Obesity was found to be associated with not only increased operative time and blood loss [14, 23, 24] but also with higher rates of anastomotic leakage, surgical site infection (SSI), urinary tract infection (UTI), sepsis, and venous thromboembolism (VTE) [25–27].The increase in visceral obesity volume and mesenteric fat area (MFA) in obese patients makes laparoscopic rectal cancer surgery a unique challenge .In this study, patients had BMIs ranging from 16.2 to 31.4 kg/m2 with a mean value of 24.1 kg/m2, which was lower than that in Western populations. Nevertheless, our results agreed with previous reports that found a positive association between BMI and operative time [13, 29].

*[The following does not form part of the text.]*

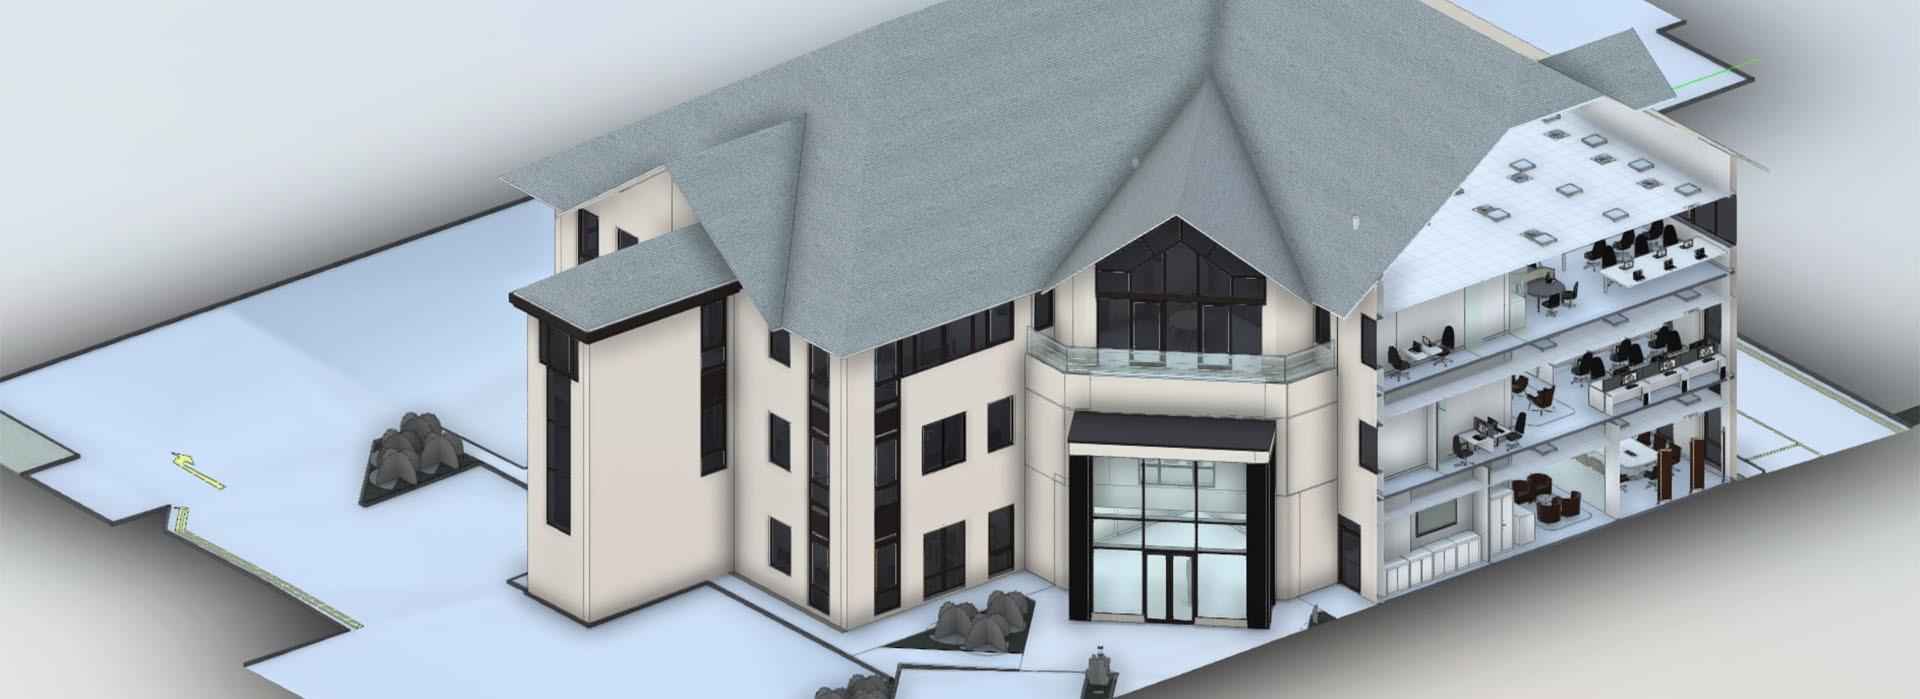 Measured Building Surveys by Vision Engineering

On the other hand, studies have shown that the bony structure of the pelvis, such as the depth and length of the sacrum, the pelvic inlet and outlet, and the angle of thepelvis, are independent predictors of the duration of surgery and are used as surrogate markers of TME difficulty [11, 15, 30]. In our results, the univariate analysis found differences in the three bone indices of the pelvic inlet, ischial intertuberous diameter, and pelvic depth, suggesting that a deep and narrow pelvis did affect the duration of surgery. Restricted working spaces directly affect how difficult it is to perform of safe and fast surgeries; in addition, it requires visibility and coordination to be optimized. Moreover, through multivariate analysis, it was found that the pelvic inlet was an independent risk factor, so we should pay special attention to them in rectal resection patients. In our retrospective review of surgical videos of some patients with prolonged surgery, we found that several skills might help to reduce surgical time, such as suspending the uterus or peritoneal reflection, lifting the upper rectum with a string, and wiping the lenses with iodophor to prevent fog. However, what mattered most is the teamwork. We believe that these issues should not be a major problem for professional surgical teams because they have more experience in creating suitable surgical areas and are able to identify and anatomize structures even in a restricted pelvic working space.

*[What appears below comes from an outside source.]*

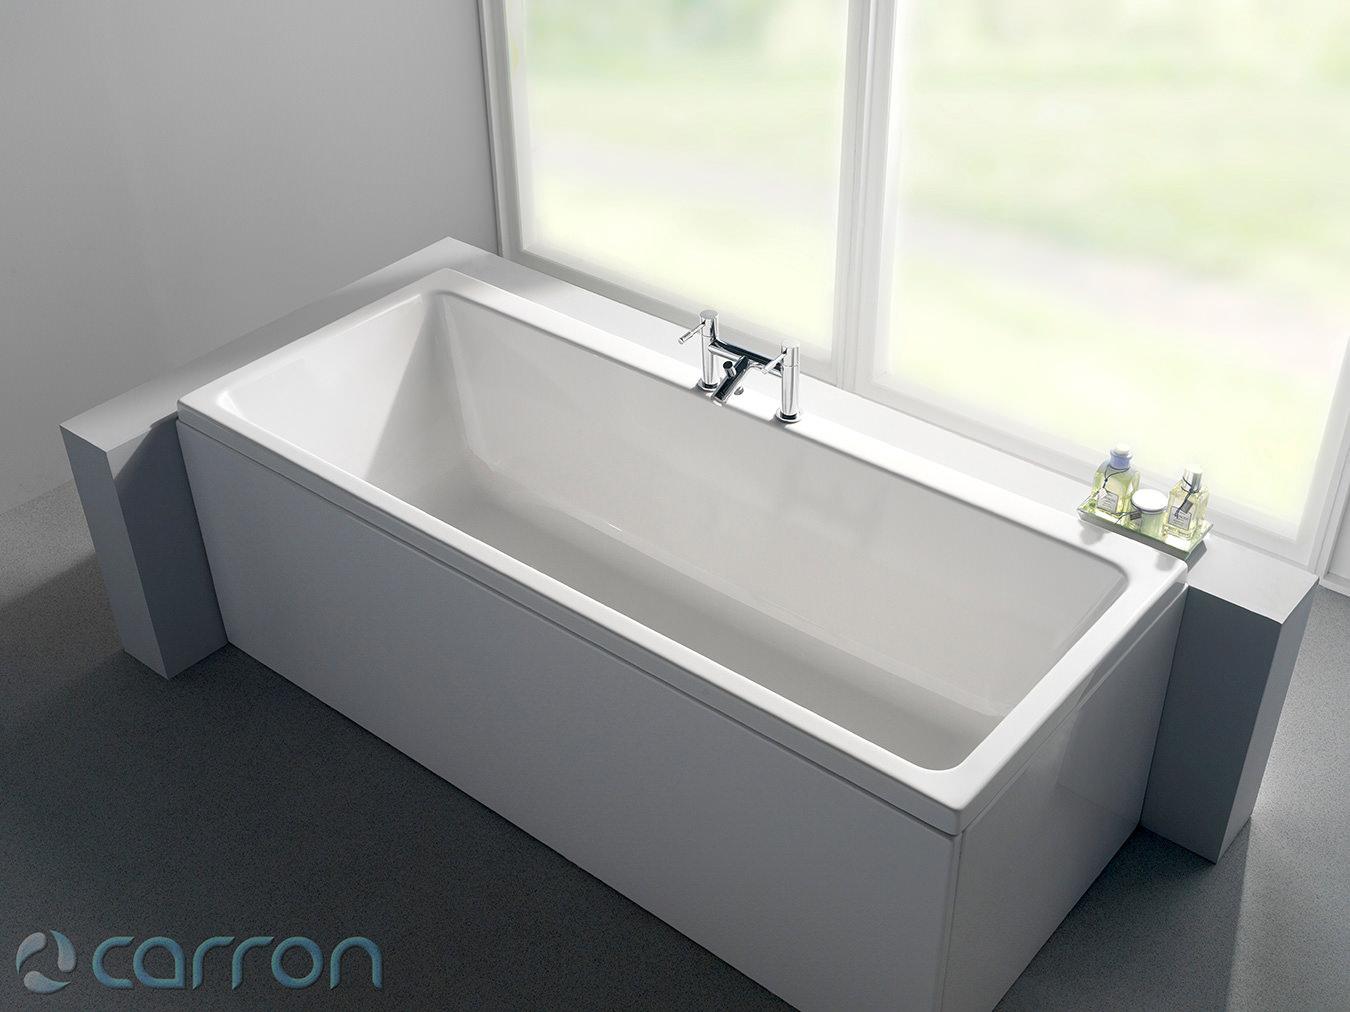 Carron Quantum Double Ended Acrylic Bath 1700 X 700mm Q4 02159

Not surprisingly, there were some limitations in this study. This was a retrospective analysis, and operative time was measured from the beginning of anesthesia to the end of the surgery, rather than pelvic anatomy time. However, the selected conditions were strict and excluded patients with high rectal, lateral lymph node cleaning, multivisceral resection, and the use of transanal dissection to minimize the influence of confounding factors. In addition, pelvic measurements in this study were made by a single observer, so it could not provide the quantification of interobserver variability.